I was hunting for an article when my friend came up and asked me this question.
How to list/delete duplicate records without using ROWID?
I never asked why he do not want to use ROWID, because I was caught in some thinking.
I done some googling, and derived the method, but first the ROWID method
First how to delete records with ROWID, and why?
ROWID is the unique record identifier within Oracle, and it is easy to get the minimum of the ROWID for the duplicating criteria and delete the rest of them.
We will take the example of EMP table for simplicity. Assume that there is no primary key in the Employee_Id column due to some data migration requirements. Once the data migration is over I need to check the existense of duplicate records. This is how traditionally we used to achieve this:
Suppose the data after migration stands like this:
Employee_Id Employee_Name
10 Scott
11 Tiger
10 Amanda
10 Nagpal
20 Rawat
It is clear from this data that there are duplicate records, but in a normal data migration there will be millions of records from which identifying the duplicate records will be a nightmare. This is where the following query will save our day:
SELECT Employee_Id, Employee_Name
FROM Employee e
WHERE ROWID NOT IN (SELECT MIN(ROWID)
FROM Employee f
WHERE e.Employee_Id = f.Employee_Id);
The above query will list the following duplicate records:
Employee_Id Employee_Name
10 Amanda
10 Nagpal
We will not get into the decision of what to do with the duplicate records as it is not our discussion topic.
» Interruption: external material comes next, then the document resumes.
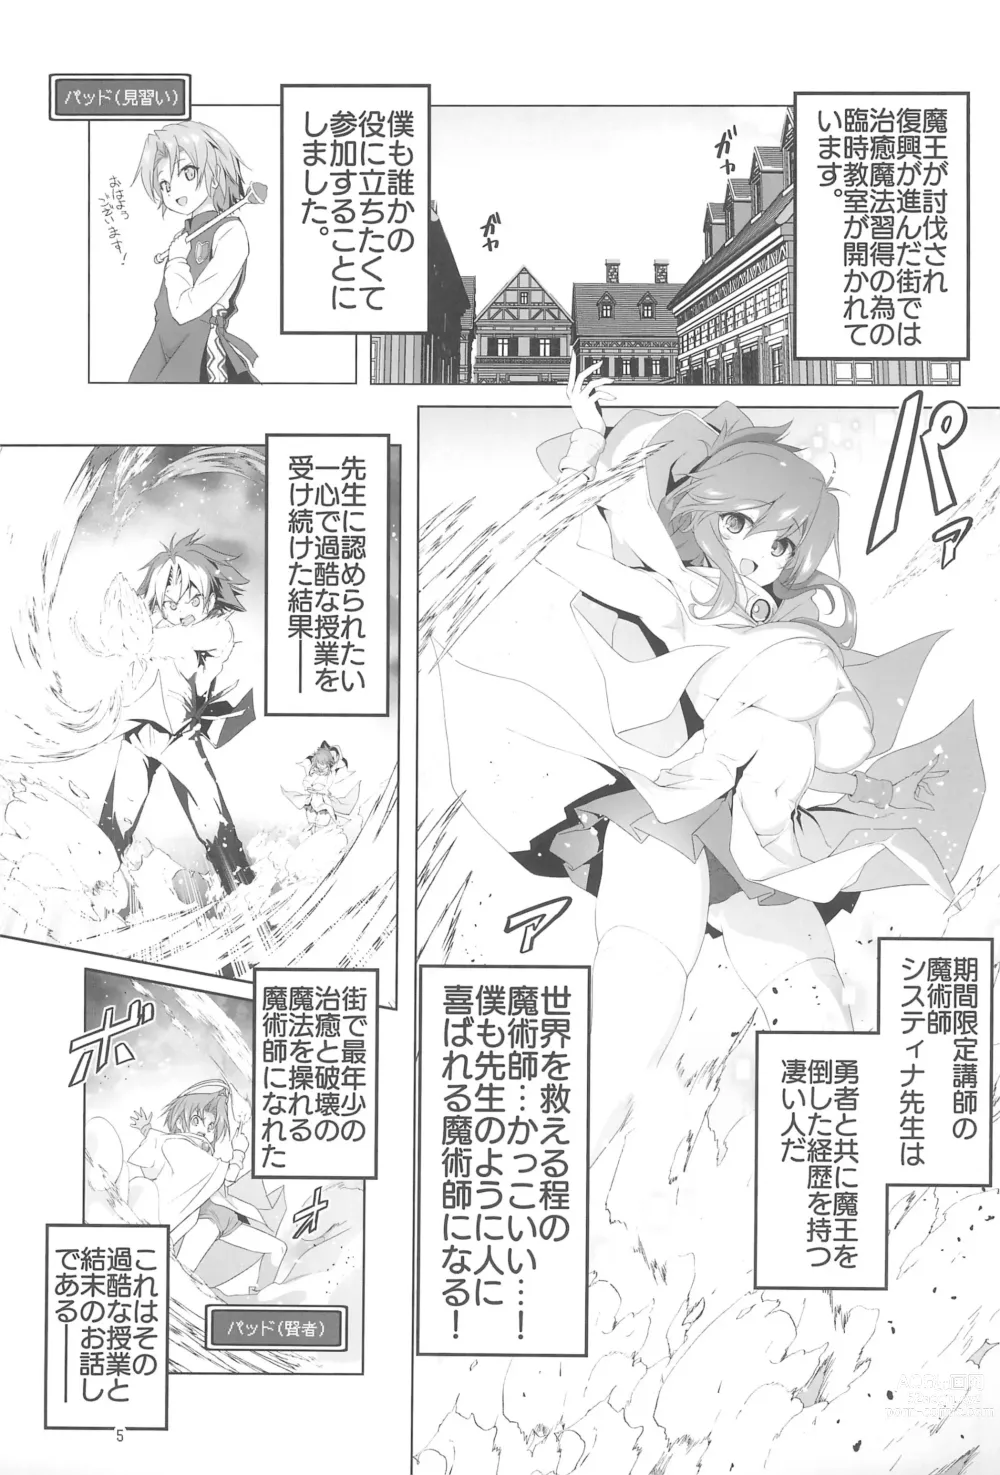 Page 5 of doujinshi Makotoni Zannen desu ga Bouken no Sho 9 wa Kiete Shimaimashita.

Now what does the MIN(ROWID) implies in the query? It implies that the first record inserted cannot be a duplicate record, and the rest of the data are. Simple isn't it?
Now how to select the same data without ROWID?
Consider the following select statement:
SELECT Employee_Id, Employee_Name,
decode(row_number() over( PARTITION BY employee_id ORDER BY employee_id),1,'Not duplicate','Dupilcate') Dupicate_Criteria
FROM employee;
The following is the data from the query:
EMPLOYEE_ID EMPLOYEE_NAME DUPICATE_CRITERIA
10 Scott Not duplicate
10 Amanda Dupilcate
10 Nagpal Dupilcate
11 Tiger Not duplicate
20 Rawat Not duplicate
In this, you can see the usage of row_number() function with over() clause. In the over() clause we are partitioning the data on basis of the duplicate criteria, that is the Employee_Id. The Order By clause is mandatory so we will use the same Employee_Id. Now the row_number() function assigns running numbers for each Employee_Id. If there are any duplicate records, the row_number() function will return any value greater than 1 (in the running order).
So it is very easy for us to identify the usage of row_number() function and to find an alternative method of getting duplicate rows without using ROWID in our query. Now it is in your hands to do more research and find out more usages.
Thanks for Subesh Kumar who prompted me for a short research in this topic, and hence this article.